Best I found was AIB for both.

AIB's current variable rate, LTV >80%, 35 year mortgage, is 2.68%

A 5 year fixed, LTV >80%, 35 year mortgage, is only 2.77% APR

A 10 year fixed, LTV >80%, 20 year mortgage, is 4.21% APR

So by switching from a variable (2.68%) to a 5 year fixed (2.77%) you'd only lose out on  .09%!!

Seems a brilliant offer. ECB rates will start going up & up in 12-18 months time, so you'd be laughing with the fixed rate if you get it now.

Thoughts?


----------



## samanthajane (23 Jul 2009)

5 months ago i contact my mortgage provider to ask what the rates were for fixing, at the time it was the same as my variable rate 3.49%

I phoned last week and the rate was now 3.99%, i'm currently paying 3.24%. 

I dont know weather to fix or not. The rates are going to go back up again it's just a case of when.


----------



## callybags (23 Jul 2009)

Just be careful.

Nothing is ever as good as it seems.

Have a look at all the threads here about people desparately tring to get out of fixed rates.

In nearly every case they thought it was the best option when they signed up.

My view, for what it's worth, is that the bank will always think that their fixed rates will make them more money than vairiable ones. Otherwise why would they be offering them?


----------



## NorfBank (23 Jul 2009)

Don't use APR when comparing fixed rates to variable. 

Using AIB as in your example. for a >80% LTV mortgage :

The best 5 year fixed rate  is 3.86%, you will pay this for 5 years.
The best variable is 2.65%.

Immediately you are paying a premium of 3.86 - 2.65 = 1.21% if you fix.

As you predict rates will go up in 12/18 months time, for this period you will be paying 1.21% extra plus you lose the ability to overpay, increase monthly repayments, switch or redeem the mortgage without penalty.

It could be a good time to fix but unfortunately not as clean cut as you have suggested. Of course AIB could raise rates in the interim but that is the great unknown. In my opinion if they raise variable rates, they will also raise fixed rates. Fixed rate do not kick in until the day of drawdown so you could have done all the work believing you will fix at the 3.86% but on the day of drawdown the fixed rate could be increased to  5.15%. Banks are there to make money.

Only fix if you need to be sure of your future monthly repayments, don't try and time the market. (as the fella says!)

[broken link removed]


----------



## TheJackal (24 Jul 2009)

NorfBank said:


> Don't use APR when comparing fixed rates to variable.


 
Why shouldn't one compare these products via APR?

Edit: I checked it out. 

"APRs may be higher or lower than the nominal rate, as they are calculated on the basis that the loan reverts to the standard variable rate (which may be higher or lower than the fixed rate) following the fixed rate term."

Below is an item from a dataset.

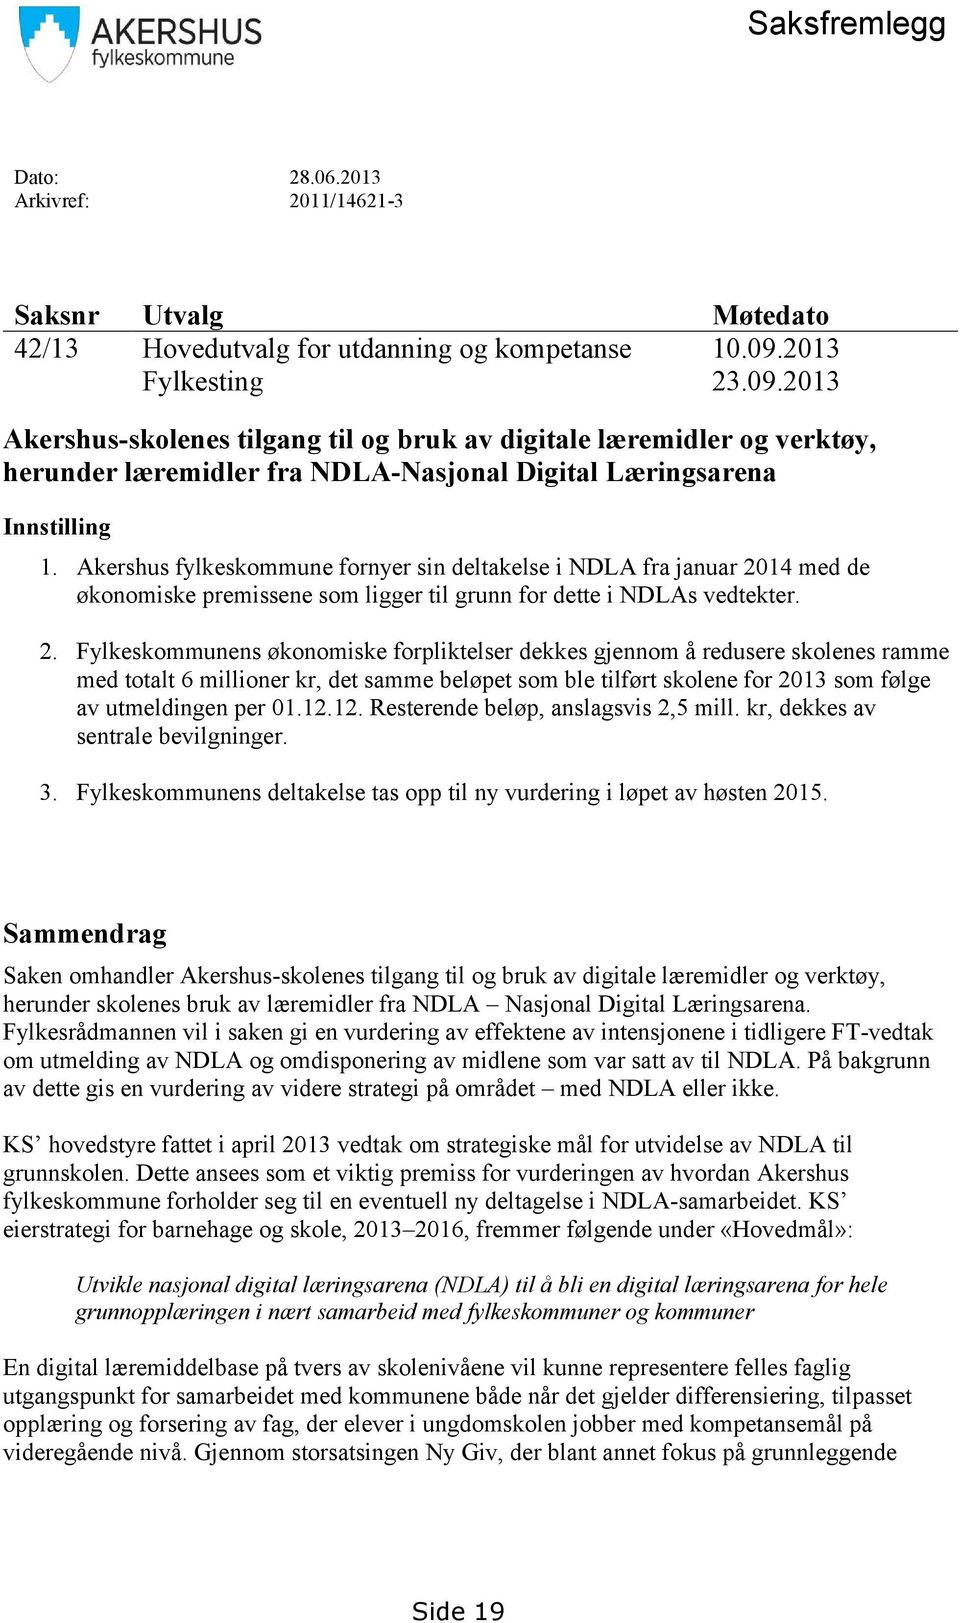 Akershus fylkeskommune fornyer sin deltakelse i NDLA fra januar 20

Sneaky! Makes their rate appear lower than it actually!


----------



## TheJackal (24 Jul 2009)

I note Permanent TSB have announced today that there Variable rate is to increase 0.5% from next Monday, Jul 27th!

So how long til AIB & BOI follow suit? Few weeks max I'd say...


----------



## samanthajane (24 Jul 2009)

Yeah i'm not impressed with that either. Not a customer of PTSB, AIB or BOI. But i'd bet my house that once these have made the increase KBC will follow as well!


----------



## NorfBank (24 Jul 2009)

TheJackal said:


> Sneaky! Makes their rate appear lower than it actually!



You seem surprised..

One bank  allowed people to come off their fixed rates for free (if they were reverting to a tracker), one bank then refused to let people out of fixed rates for any reason, one bank then allowed people out of the fixed rate if they paid their breakage penalty then one bank raised the variable rate for those people by 0.5%. Very sneaky indeed.


----------



## cancan (24 Jul 2009)

I am just wondering how all those people on variable rates expect to pay their mortgages when rates begin to rise.
Rates are at historic lows, yet people don't feel then need to lock in.

Being on a variable rate on a principal residence is gambling on having a roof over your family's head in years to come, and personally I think it's financially reckless.
I'd strongly advise people to look at fixing their rates while the are at historic lows.

Those on variable rates now do feel lucky, for now.
Invert the recent rate decreases into rate rises and ask yourself if you could afford your house if that had occured.
At this point it's like taking out insurance on the family home - you'll pay a bit extra short term, but it sure beats loosing your home long term.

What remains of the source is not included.